* _Task to complete_
From the first line to the last, restate the material word for word; pictures stay out.

* _Data shown_
__________________________________________________
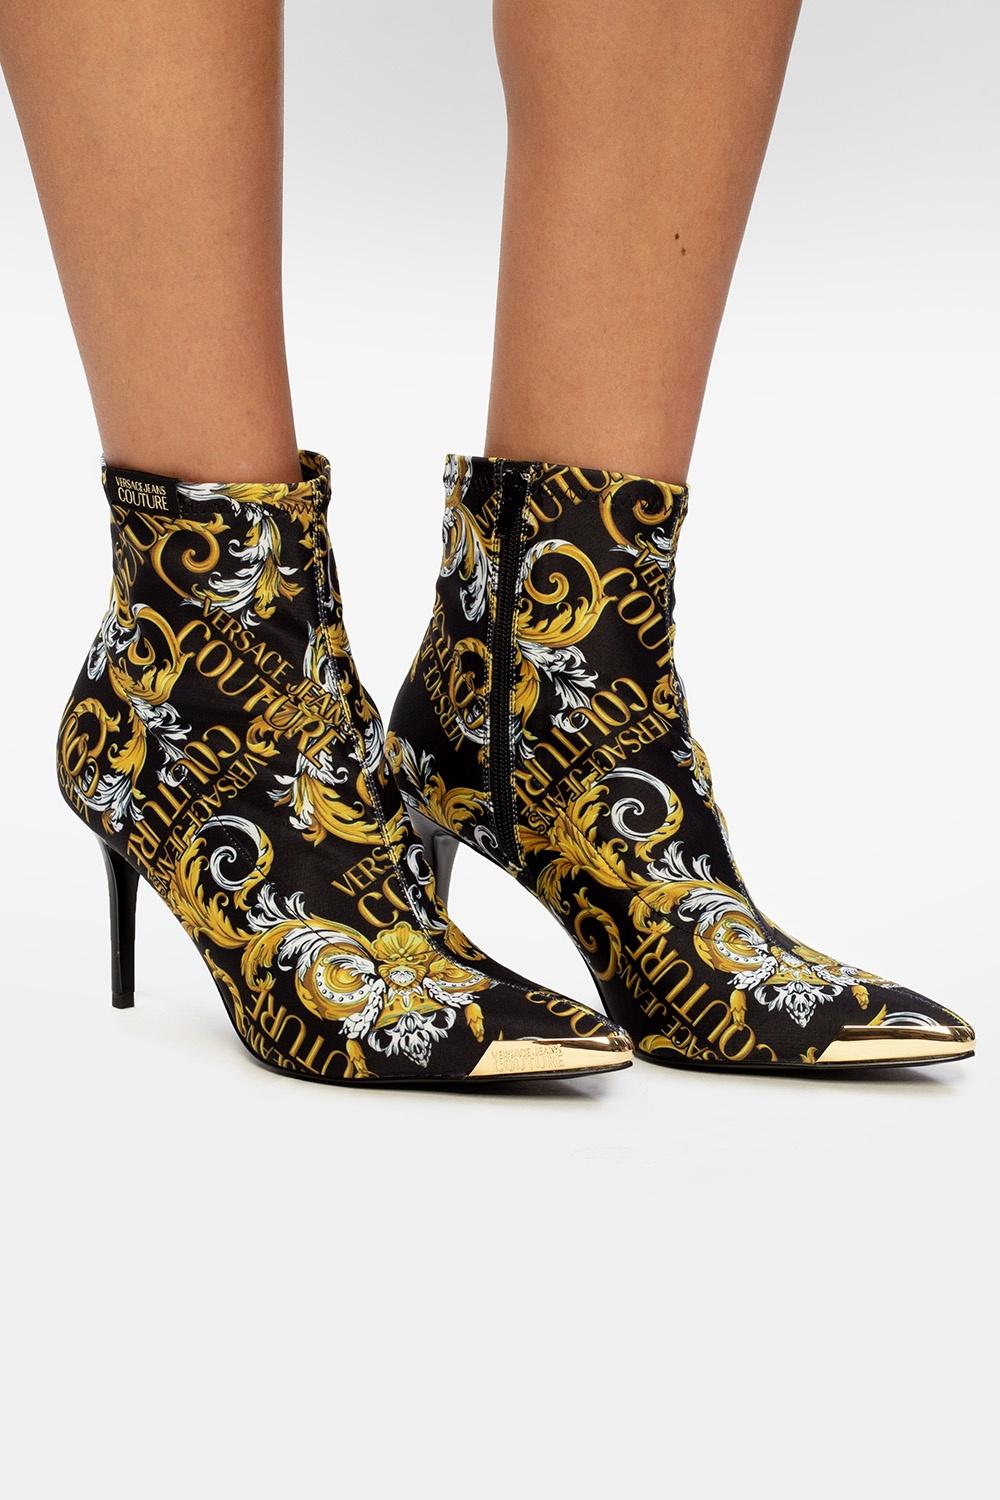 Versace Jeans Denim Heeled Ankle Boots in Black - Lyst
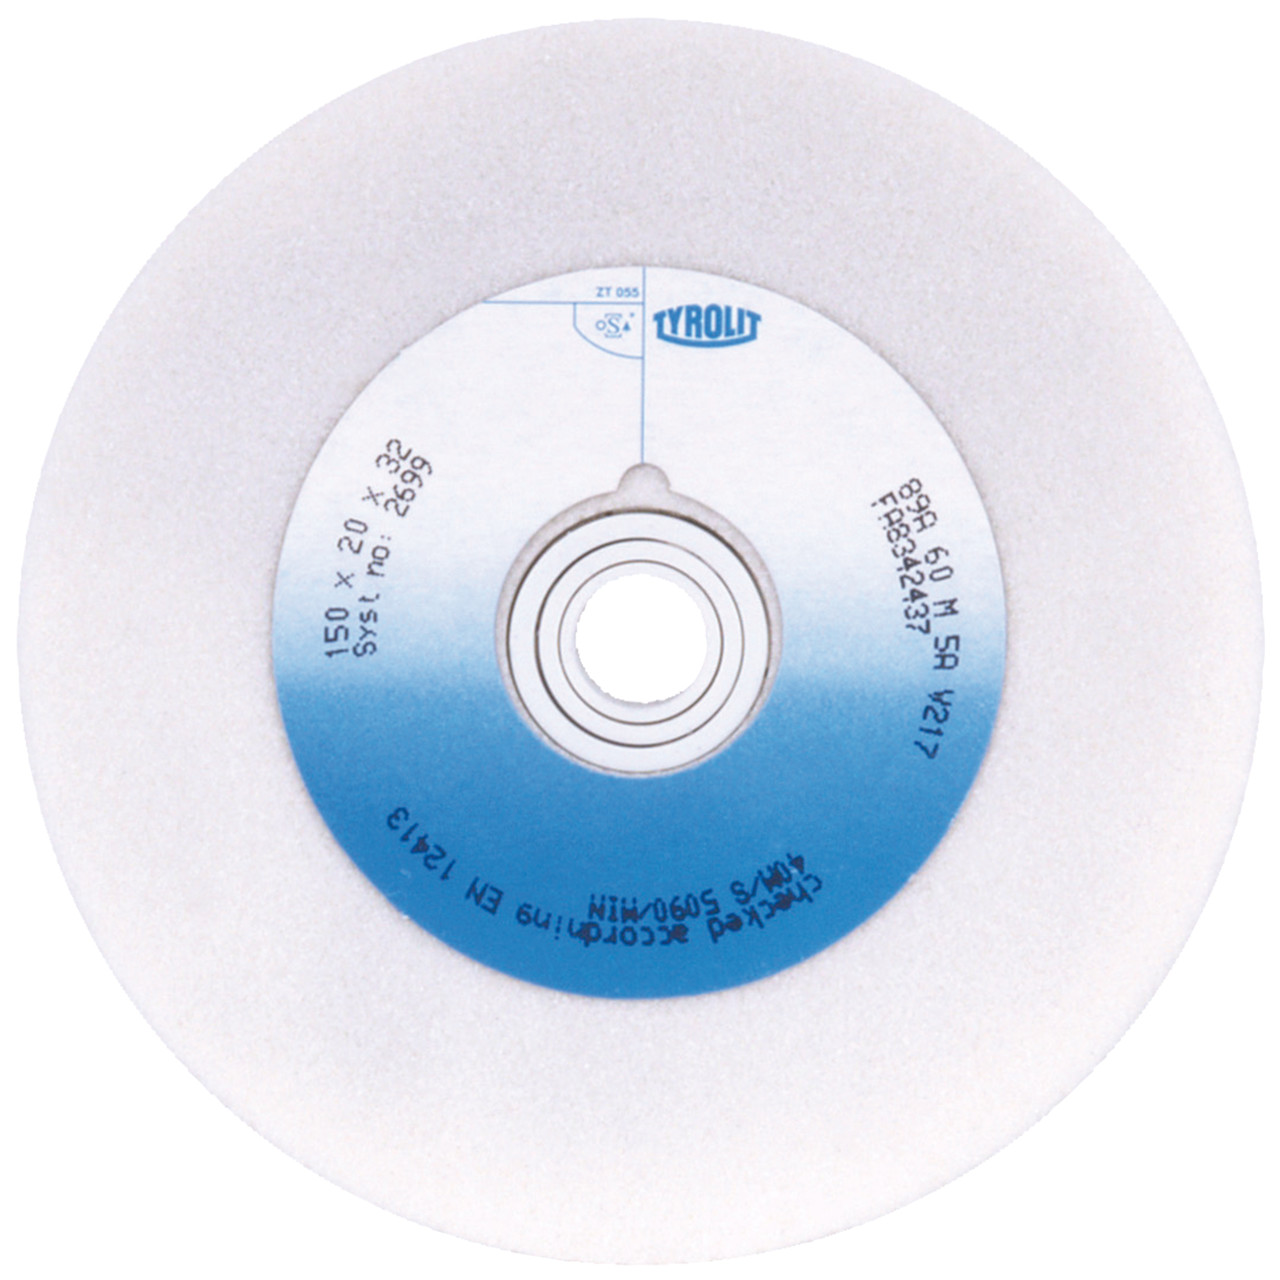 Tyrolit Conventional ceramic grinding discs DxDxH 200x25x51 For high-alloy steels and HSS, shape: 1, Art. 534539
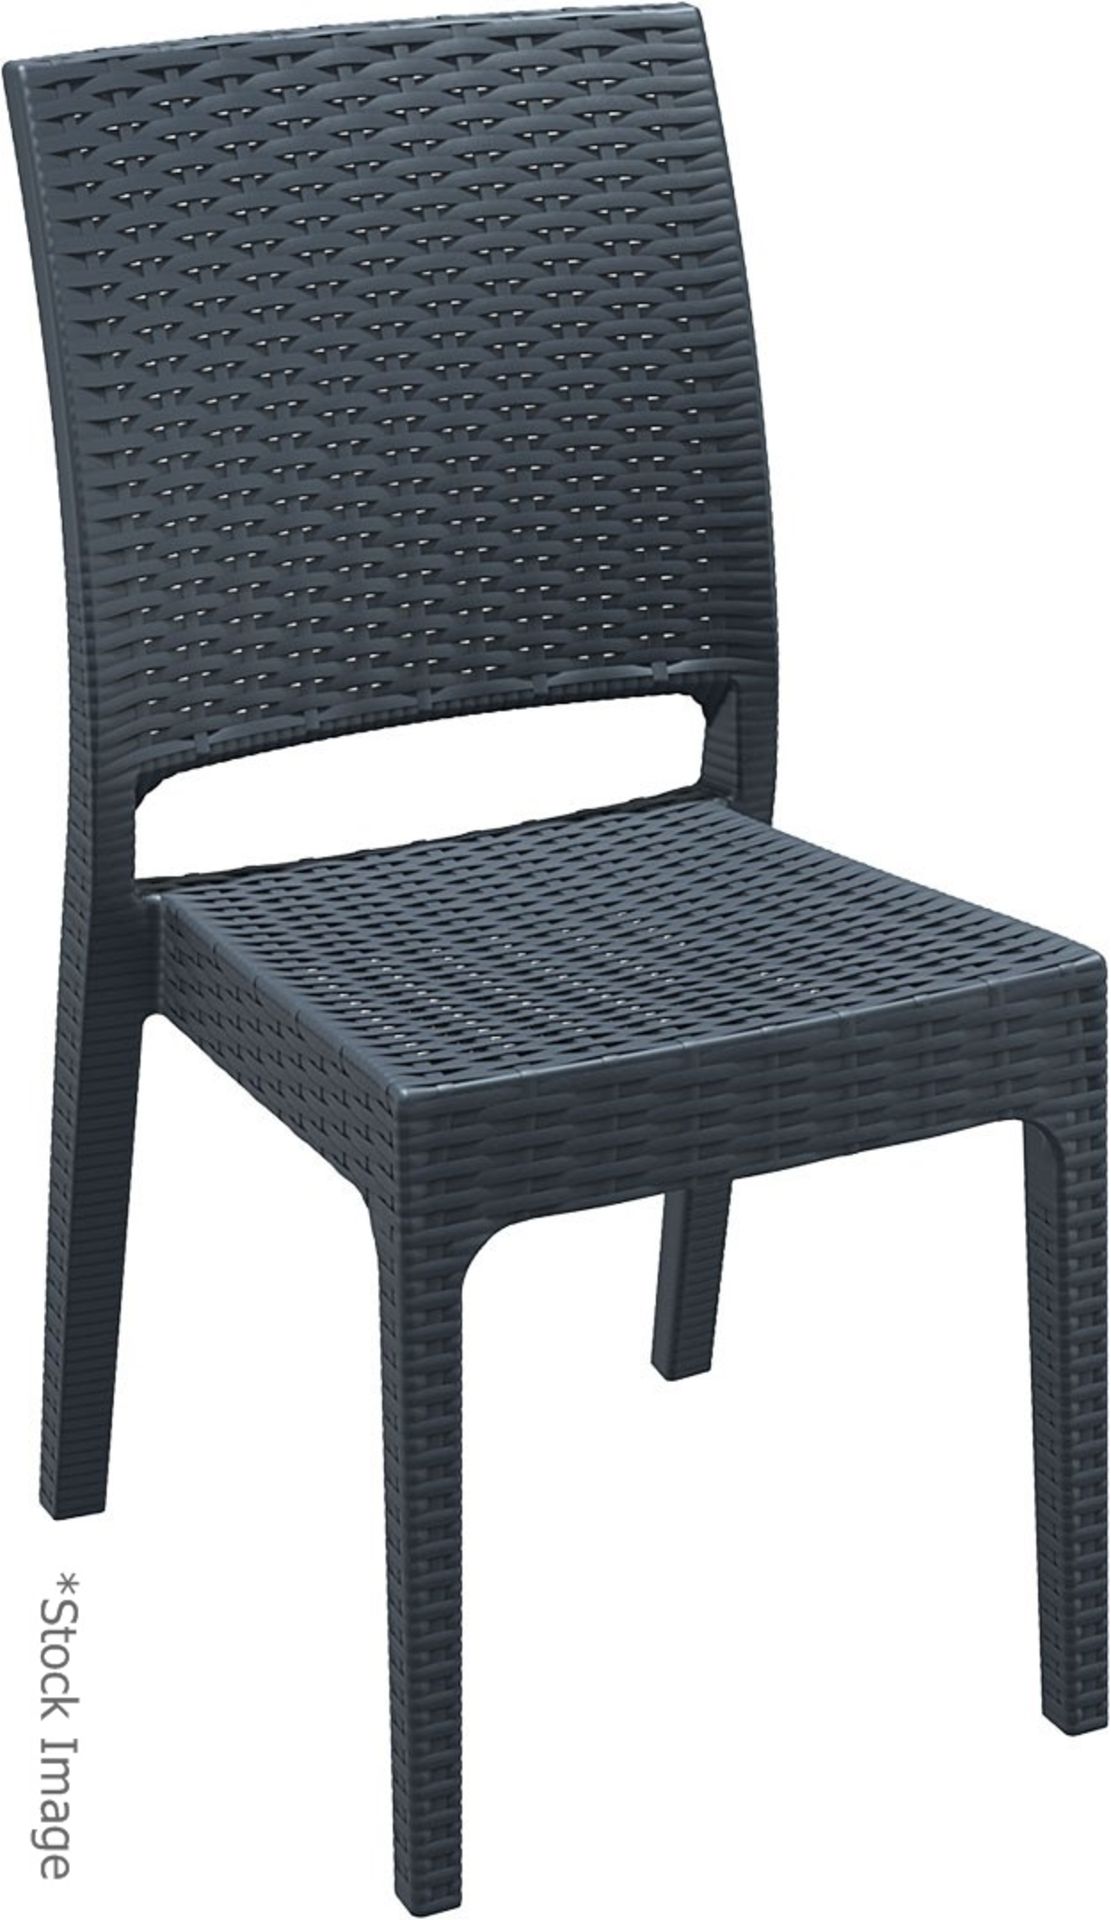 8 x Siesta 'Florida' Rattan Style Garden Chairs In Dark Grey - Suitable For Commercial or Home Use - - Image 16 of 21
__________________________________________________
* _Task result_
 Versace Jeans Denim Heeled Ankle Boots in Black - Lyst
 Tyrolit Conventional ceramic grinding discs DxDxH 200x25x51 For high-alloy steels and HSS, shape: 1, Art. 534539
 8 x Siesta 'Florida' Rattan Style Garden Chairs In Dark Grey - Suitable For Commercial or Home Use - - Image 16 of 21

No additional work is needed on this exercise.